Extracellular Vesicles Derived from SIPA1high Breast Cancer Cells Enhance Macrophage Infiltration and Cancer Metastasis through Myosin-9.

ABSTRACT

Tumour cell metastasis can be genetically regulated by proteins contained in cancer cell-derived extracellular vesicles (EVs) released to the tumour microenvironment. Here, we found that the number of infiltrated macrophages was positively correlated with the expression of signal-induced proliferation-associated 1 (SIPA1) in invasive breast ductal carcinoma tissues and MDA-MB-231 xenograft tumours.

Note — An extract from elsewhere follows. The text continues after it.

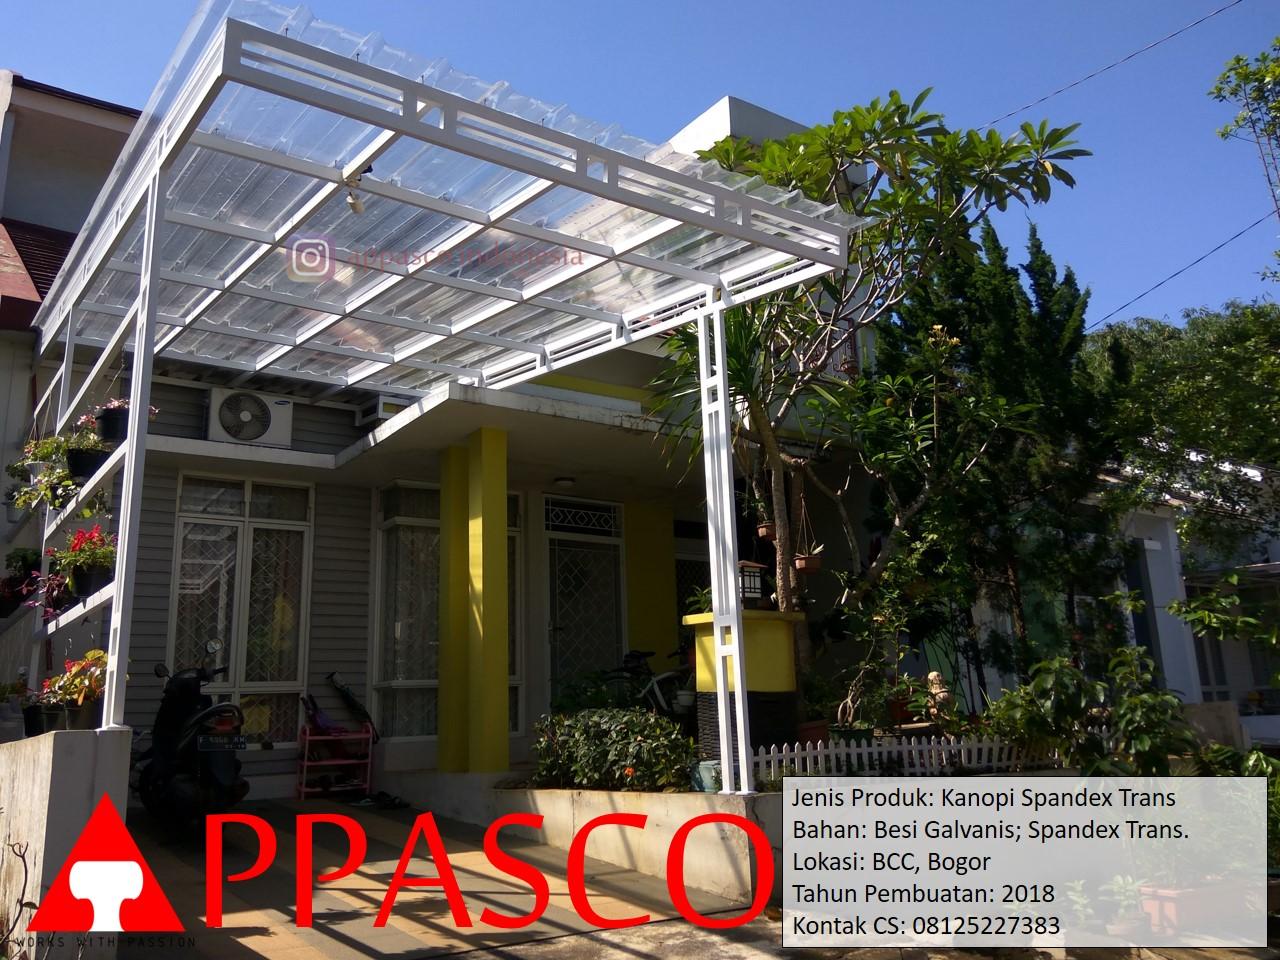 Kanopi Spandek Transparan Putih Besi Galvanis di BCC Bogor

EVs derived from MDA-MB-231 cells (231-EVs) significantly enhanced macrophage migration, compared with that from SIPA1-knockdown MDA-MB-231 cells (231/si-EVs) both in vitro and in vivo. We revealed that SIPA1 promoted the transcription of MYH9, which encodes myosin-9, and up-regulated the expression level of myosin-9 in breast cancer cells and their EVs. We also found that blocking myosin-9 by either down-regulating SIPA1 expression or blebbistatin treatment led to the suppression of macrophage infiltration. Survival analysis showed that breast cancer patients with high expression of SIPA1 and MYH9 molecules had worse relapse-free survival (p = 0.028). In summary, SIPA1high breast cancer can enhance macrophage infiltration through EVs enriched with myosin-9, which might aggravate the malignancy of breast cancer.